At the War Memorial she barked, ‘What day is it, young lady?’
I always go blank under pressure. I’d be no good at those old people tests when they ask the name of the prime minister or what year it is. I’d be put on medication and only allowed milky puddings before you could say ‘Is it Ted Heath?’
I tried to sneak a look at the date on my phone but Grangey dashed it to the ground where it was trodden on by a passing Afghan hound.
‘It’s Friday!’ Grange Girl snapped.
‘Oh. Is this something to do with Crackerjack?’
‘On Friday mornings we don’t go to the supermarket, do we?’
Light dawned. Grange Girl has been banging on about the marvellousness of the Friday market since it began, possibly even before it began, but I never remember it’s on until Friday evenings.
When she saw my contrite expression Grangey softened, and handed me a Waitrose Bag For Life. ‘Less picturesque, but more capacious than a wicker basket,’ she confided.

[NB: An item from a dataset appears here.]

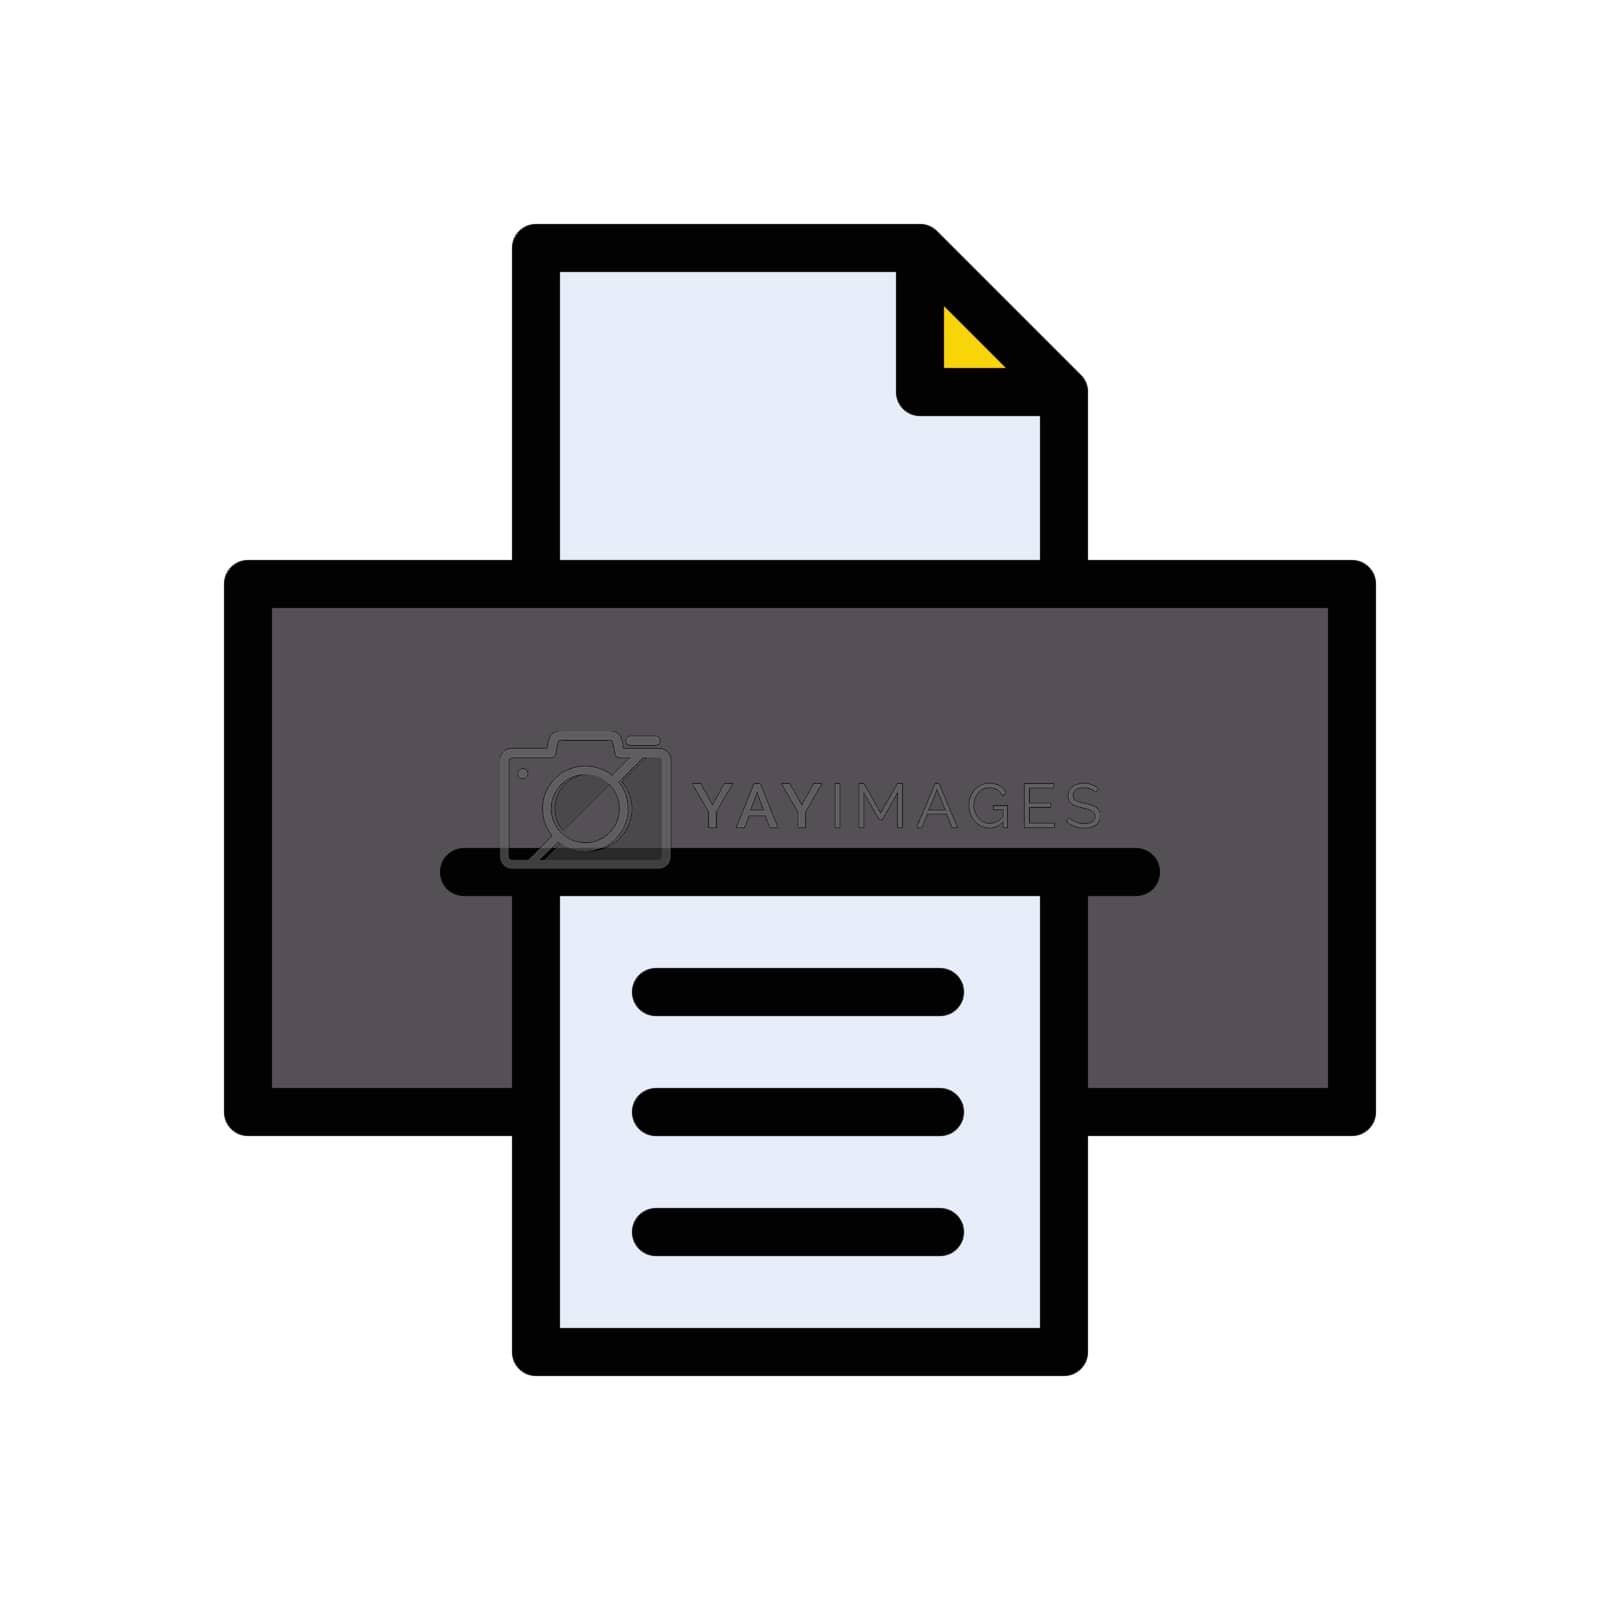 Royalty free image of fax by vectorstall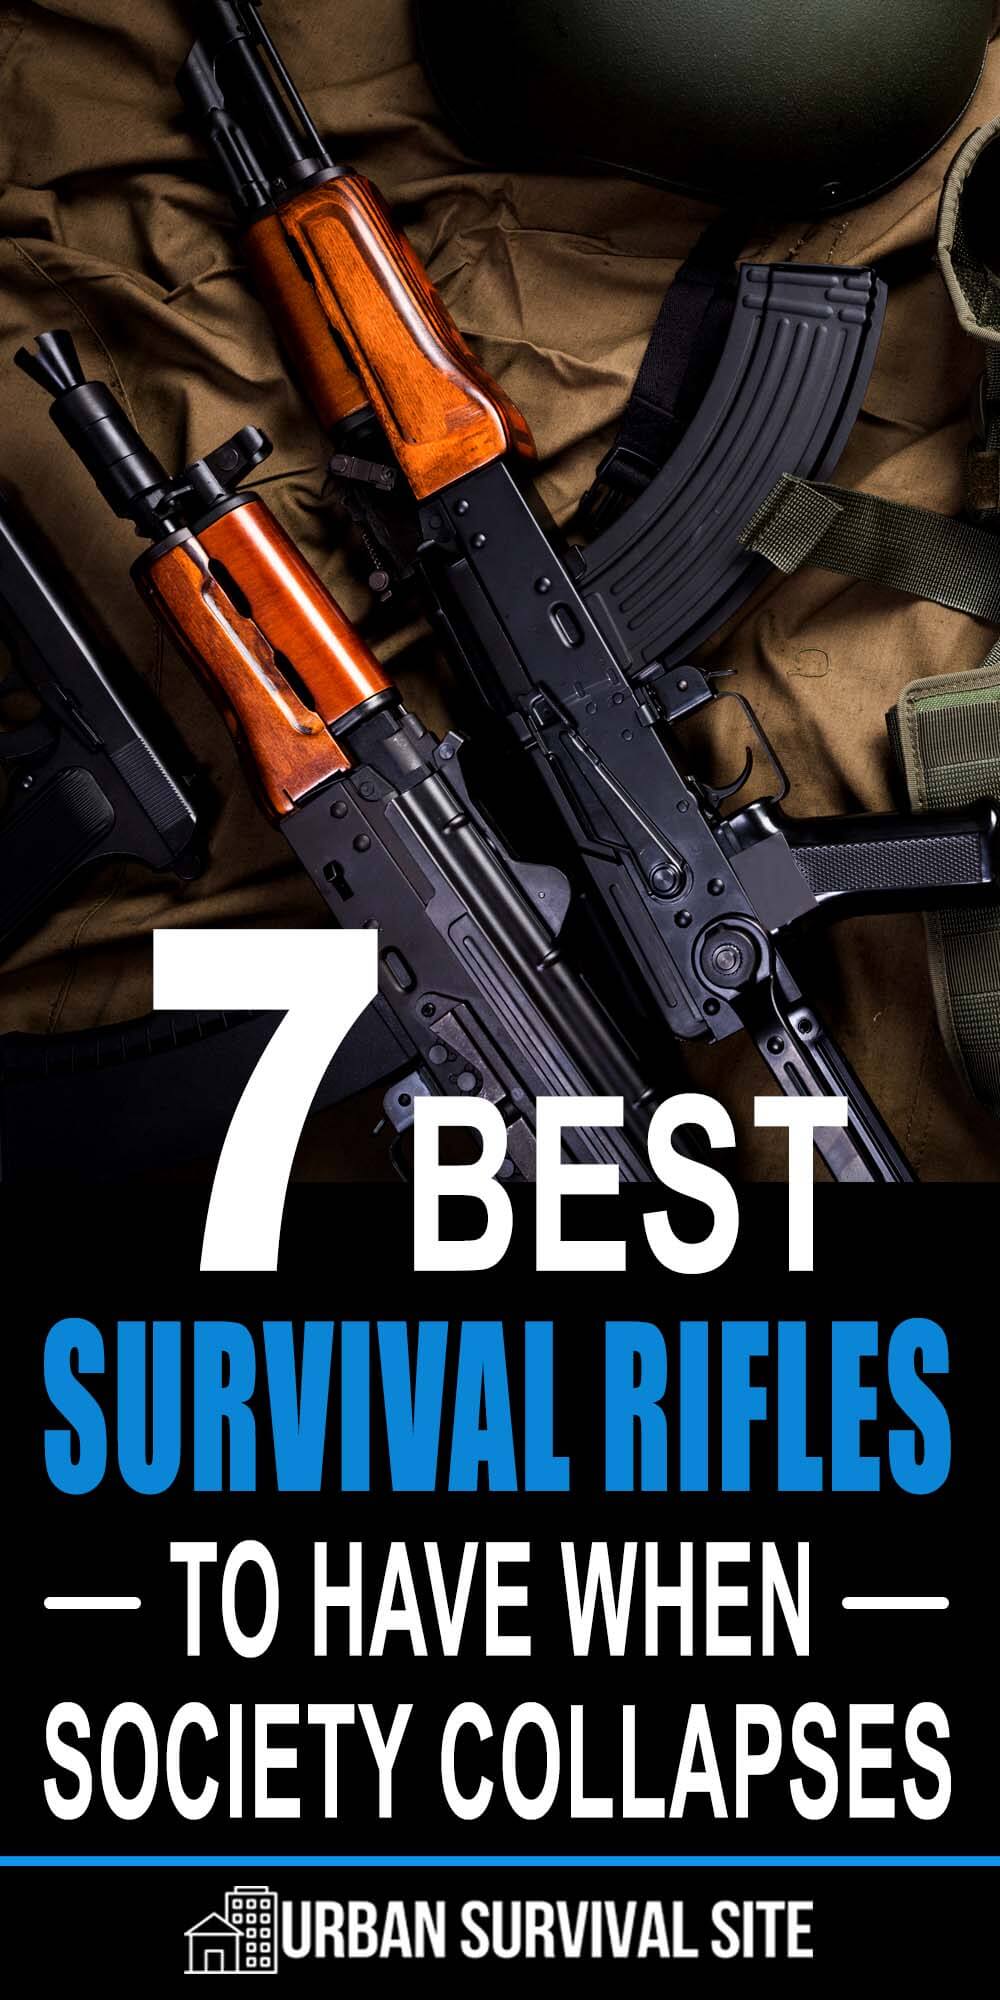 7 Best Survival Rifles To Have When Society Collapses

Hitherto known to me only as the cut-through with the waving Tom Paine, the markety thing was now full of stalls and busy shoppers. I stopped to inspect some cheese but Grange Girl said firmly, ‘There is a particular order in which one does the market.’
Under her despotic guidance, I discovered the brilliant fruit stall where you can buy a mix of different apples because they all cost the same. You can taste them too, but I didn’t get the chance before I was yanked off to the excellent bread stall. There were stalls selling jam, meat, cakes and vegetables, all terrific stuff, and much more homely than the Farmer’s Market. Normally shy, unless terrorising her friends, Grange Girl was on fine bantering form, swapping century-old badinage of the ‘squeeze me and I’m yours’ variety with the merchants.
On the way out we inspected a cute map with pins showing the locality of the produce. Three pins were just outside the magic circle of however many kilometres you’re allowed to stray from Lewes before being shot. I made a mental note to buy whatever those rebellious items were next week. Long as I remembered the damn thing was on.
I waited till Grangey toiled up the road and disappeared. Then I went to Tescos. I needed cheese strings and rice crispies, and she was much less likely to find me there than in Waitrose.